Sliding Window Counter#
A hybrid that combines fixed window efficiency with sliding window accuracy. Estimate the count using a weighted average of the current and previous window:
Previous window count: 84 (weight: 0.4 — 40% of window elapsed)
Current window count: 30 (weight: 1.0)
Estimated rate = 84 × 0.4 + 30 = 63.6
Implementation:
def is_allowed(key, limit, window_seconds):
now = time.time()
current_window = int(now / window_seconds)
previous_window = current_window - 1
elapsed = (now % window_seconds) / window_seconds
prev_count = int(redis.get(f"{key}:{previous_window}") or 0)
curr_count = int(redis.get(f"{key}:{current_window}") or 0)
estimated = prev_count * (1 - elapsed) + curr_count
if estimated < limit:
redis.incr(f"{key}:{current_window}")
redis.expire(f"{key}:{current_window}", window_seconds * 2)
return True
return False
Pros: Low memory (two counters per key). Smooths the boundary burst problem. Good enough for most use cases.

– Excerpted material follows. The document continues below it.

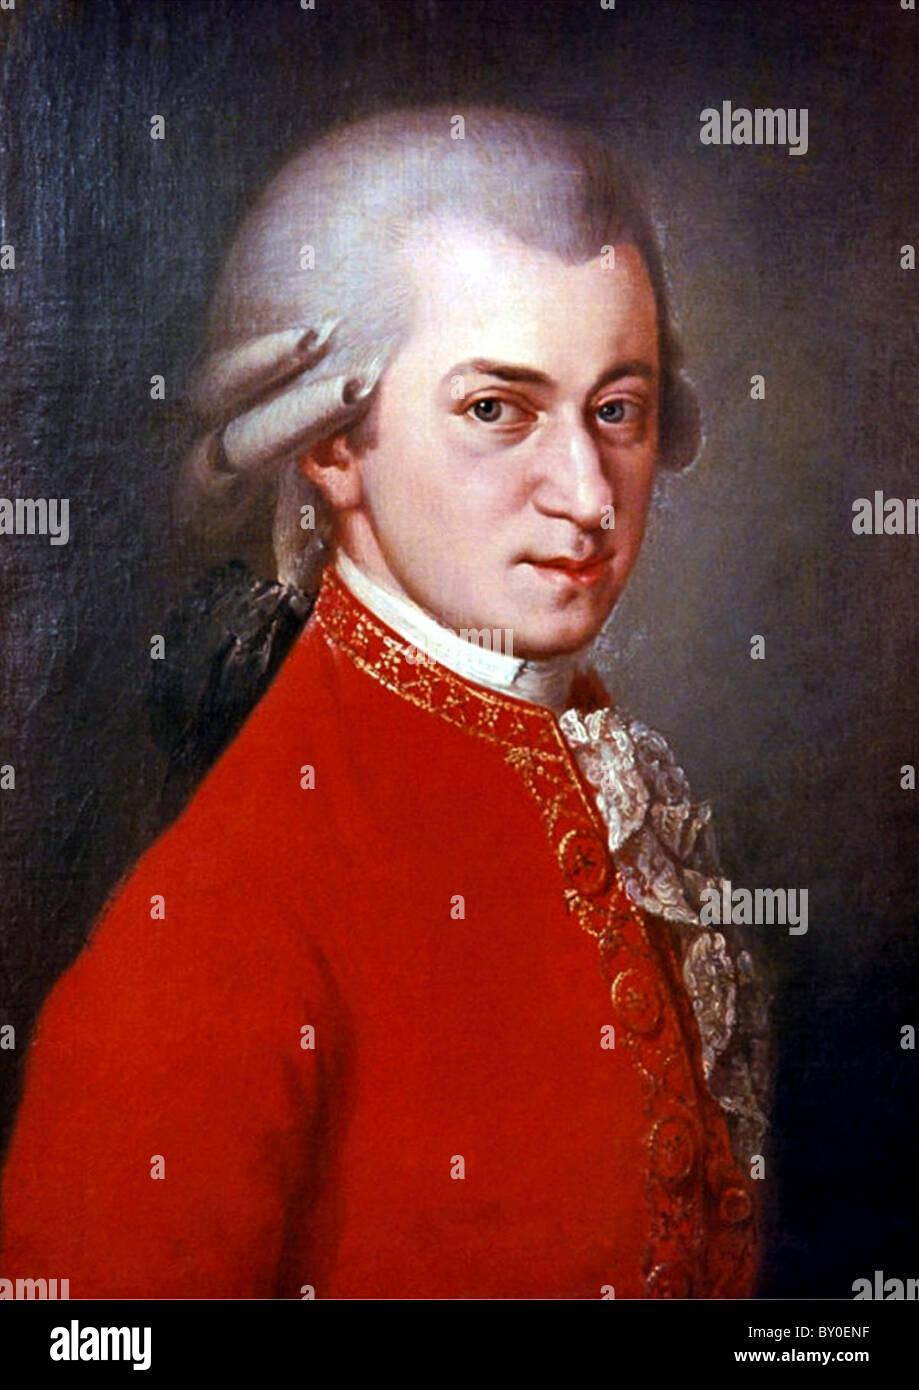 Mozart, compositor Wolfgang Amadeus Mozart Imagens de Stock

Cons: Approximate — not perfectly accurate, but the error is small and bounded.
Token Bucket#
Imagine a bucket that holds tokens. Tokens are added at a fixed rate. Each request consumes one token. If the bucket is empty, the request is rejected:
Bucket capacity: 10 tokens
Refill rate: 2 tokens/second
Current tokens: 5
Request arrives → 5 > 0 → allowed → tokens = 4
The token bucket allows bursts up to the bucket capacity while enforcing an average rate equal to the refill rate.
def is_allowed(key, capacity, refill_rate):
now = time.time()
bucket = redis.hgetall(key)
tokens = float(bucket.get('tokens', capacity))
last_refill = float(bucket.get('last_refill', now))
elapsed = now - last_refill
tokens = min(capacity, tokens + elapsed * refill_rate)
if tokens >= 1:
tokens -= 1
redis.hset(key, mapping={'tokens': tokens, 'last_refill': now})
redis.expire(key, int(capacity / refill_rate) + 1)
return True
else:
redis.hset(key, mapping={'tokens': tokens, 'last_refill': now})
return False
Pros: Allows controlled bursts. Intuitive to configure (capacity = burst size, refill rate = sustained rate). Used by AWS, Stripe, and most major APIs.
Cons: Slightly more complex state (two values per key). Burst behavior can be surprising if not documented.
Leaky Bucket#
The leaky bucket is the inverse of the token bucket. Requests enter a queue (the bucket). The queue drains at a fixed rate. If the queue is full, new requests are rejected:
Queue capacity: 10
Drain rate: 2 requests/second
Current queue: 7
Request arrives → 7 < 10 → enqueued → queue = 8
Pros: Produces a perfectly smooth output rate. No bursts. Ideal for APIs that need strict rate control.
Cons: Does not allow any burst, even small ones. Adds latency because requests wait in the queue. Less commonly used than token bucket.
Algorithm Comparison#
| Algorithm | Memory | Accuracy | Burst Handling | Complexity |
|---|---|---|---|---|
| Fixed Window | Very low | Low (boundary bursts) | Allows 2x burst at boundary | Trivial |
| Sliding Window Log | High | Perfect | No bursts | Low |
| Sliding Window Counter | Low | Good (approximate) | Minor boundary smoothing | Low |
| Token Bucket | Low | Good | Controlled bursts | Medium |
| Leaky Bucket | Low | Perfect | No bursts (smooth output) | Medium |
Recommendation: Start with sliding window counter for simplicity. Use token bucket when you want to allow controlled bursts. Use leaky bucket when you need smooth, predictable output.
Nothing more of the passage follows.